A Colorado man was killed last month in a motorcycle accident when a woman, aged 98, driving a sedan pulled out in front of his 2007 Honda motorcycle. The fatal collision happened when the elderly driver pulled out of Goddard Ranch Court to head southbound on U.S. 285 and "into the path" of the northbound motorcycle, Reid said. A Colorado State Patrol investigation into the fatal accident is ongoing.

Not surprisingly, statistics show that older drivers are more likely than younger ones to be involved in multi-vehicle crashes, particularly at intersections. And in the next 20 years the number of elderly drivers (persons 70 & over) is predicted to triple in the United States.

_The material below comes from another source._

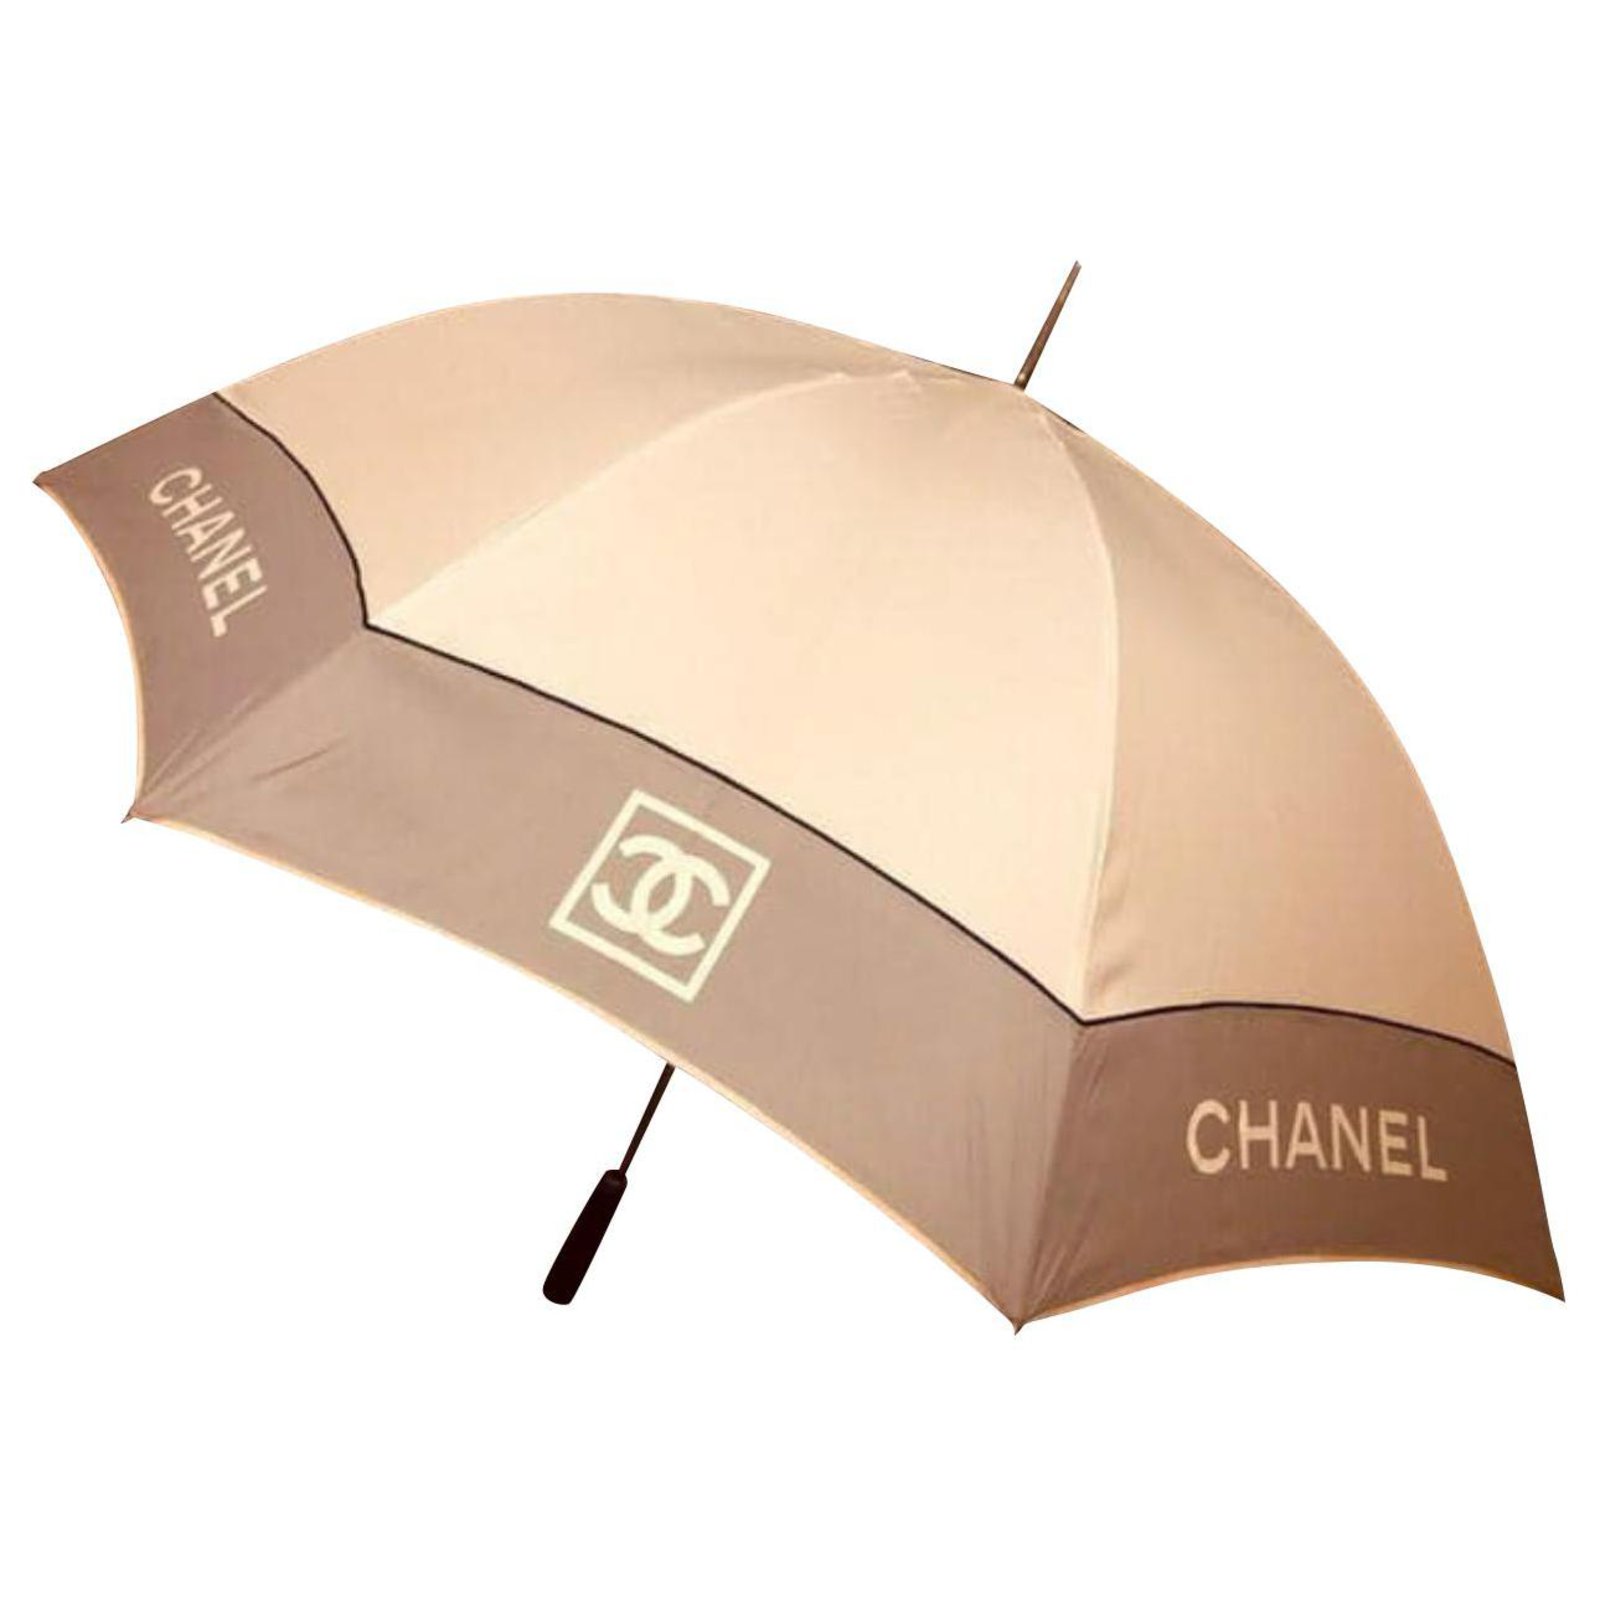 Chanel Umbrella 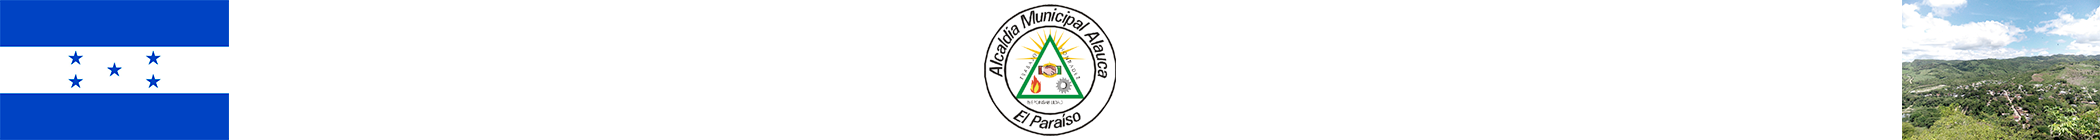 Banner Alauca

As age increases, older drivers generally become more conservative on the road. Many mature drivers modify their driving habits (for instance to avoid busy highways or night-time driving) to match their declining capabilities.

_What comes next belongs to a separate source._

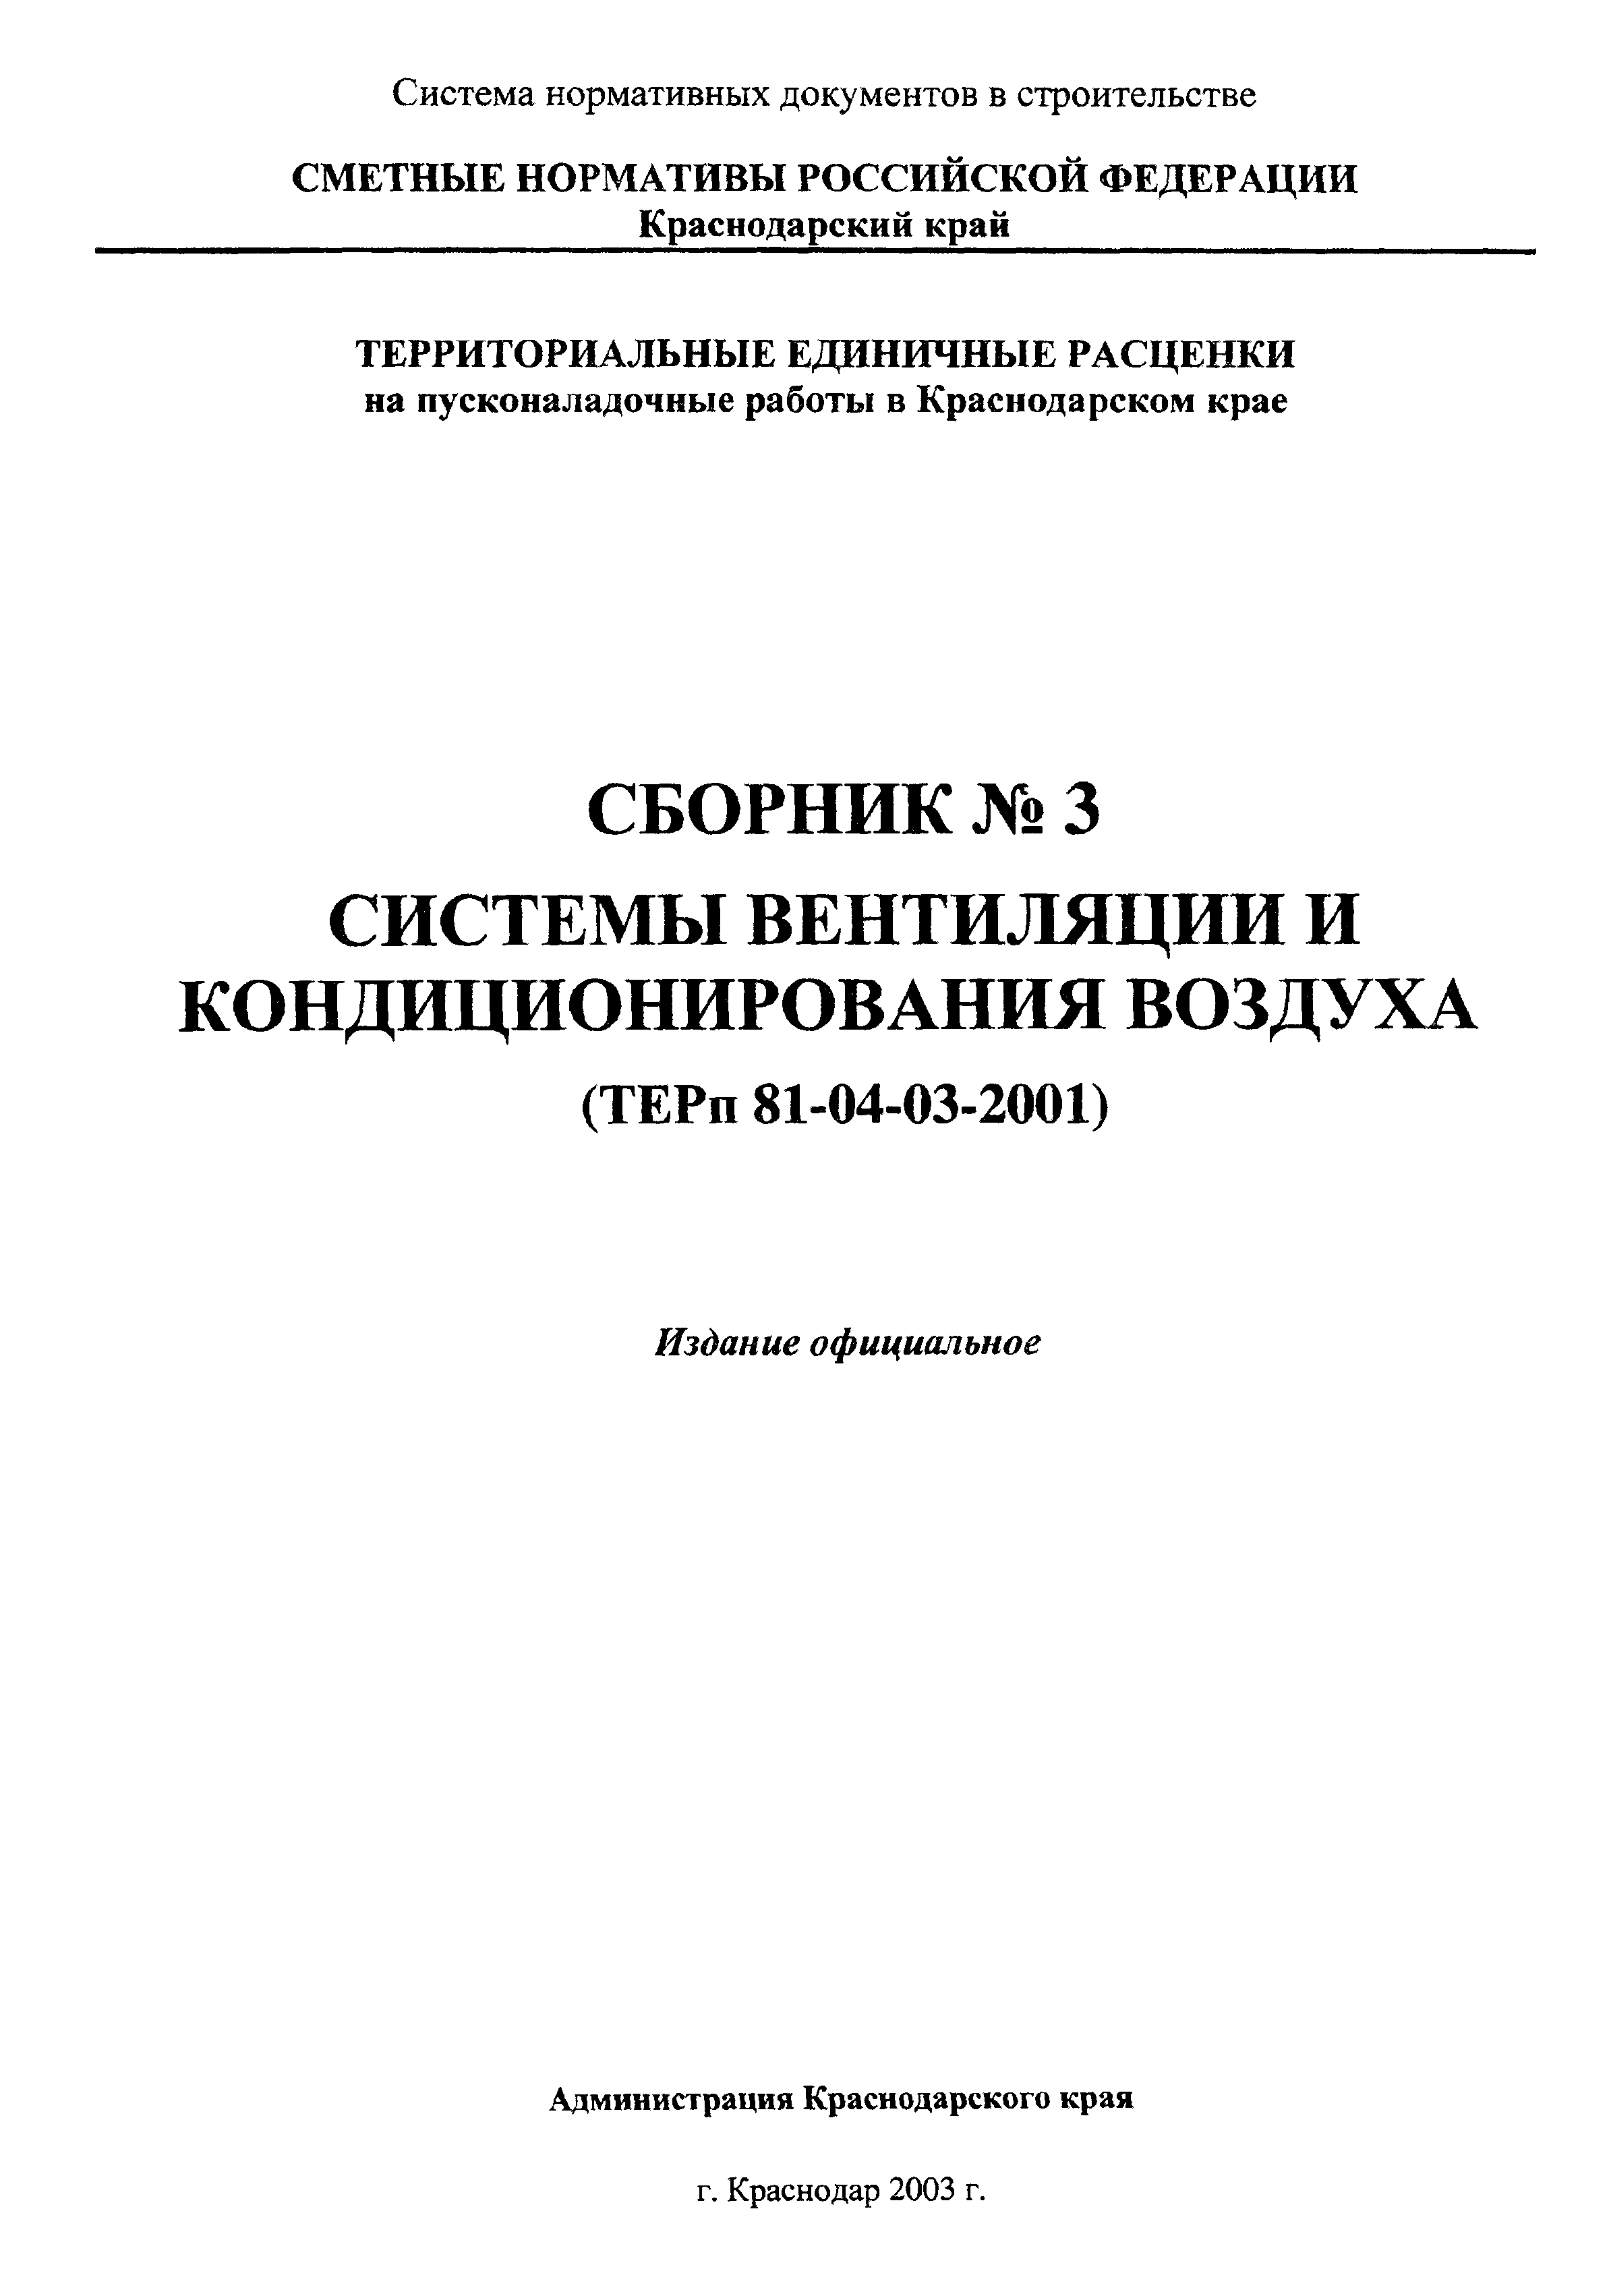 ТЕРп Краснодарский край 2001-03

Research on age-related driving concerns has shown that at around the age of 65 drivers face an increased risk of being involved in a vehicle crash. After the age of 75, the risk of driver fatality increases sharply, because older drivers are more vulnerable to both crash-related injury and death. Three behavioral factors in particular may contribute to these statistics: poor judgment in making left-hand turns; drifting within the traffic lane; and decreased ability to change behavior in response to an unexpected or rapidly changing situation.

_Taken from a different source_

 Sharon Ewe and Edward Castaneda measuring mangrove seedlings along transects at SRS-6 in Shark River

Statistics provided by NHTSA show that in two-vehicle fatal crashes involving an older and a younger driver, it is 3.1 times as likely that the vehicle driven by the older person will be struck. In 27% of these two-vehicle fatal crashes the older driver was turning left. Drivers over 65, along with new teen-age drivers, have the highest accident rates per miles driven. Another NHTSA study found that on the basis of estimated annual travel, the fatality rate for drivers 85 and over is nine times as high as the rate for drivers 25 through 69 years old.

Recognizing the problem, California now requires retesting for anyone involved in a fatal crash or three or more crashes in one year, and requires drivers over 70 to retest if they are involved in two or more crashes in one year. Proposals in several other states to toughen licensing requirements for older drivers have been thwarted by senior-citizen lobbying groups (AARP & others), who say age-based measures are discriminatory. In Pennsylvania, physicians are required to report disabilities that may affect driving ability. Some physicians, however, are reluctant to jeopardize their relationship with a patient by making such a referral. Most other states do not require physicians to report psychomotor, visual, and cognitive deficiencies that may affect driving to licensing agencies.

AgeQuest, a specialty firm addressing the training needs of professionals in the field of aging, older adults, and family caregivers, suggests in its publication "Supporting the Mature Driver" that the decline of skills necessary for safe driving sometimes occurs suddenly or subtly. Signs may include a pattern of close calls, violations or collisions, increasing difficulty in noticing pedestrians, signs, objects, or other vehicles; an observable decline in physical abilities; or a rapid onset of fatigue from driving. More information on the publication and instructions on ordering a copy are available at www.drivers.com.

Older drivers need to be aware that medications can significantly impair their driving by making them drowsy or distracted. Physicians and pharmacists should be consulted before starting new medications, to see if the drug can affect the ability to drive. Since side effects are often worse for the first few days of a new medication, people should avoid driving until they know exactly how a new drug affects them. If any medication causes sleepiness or disorientation, someone else should do the driving.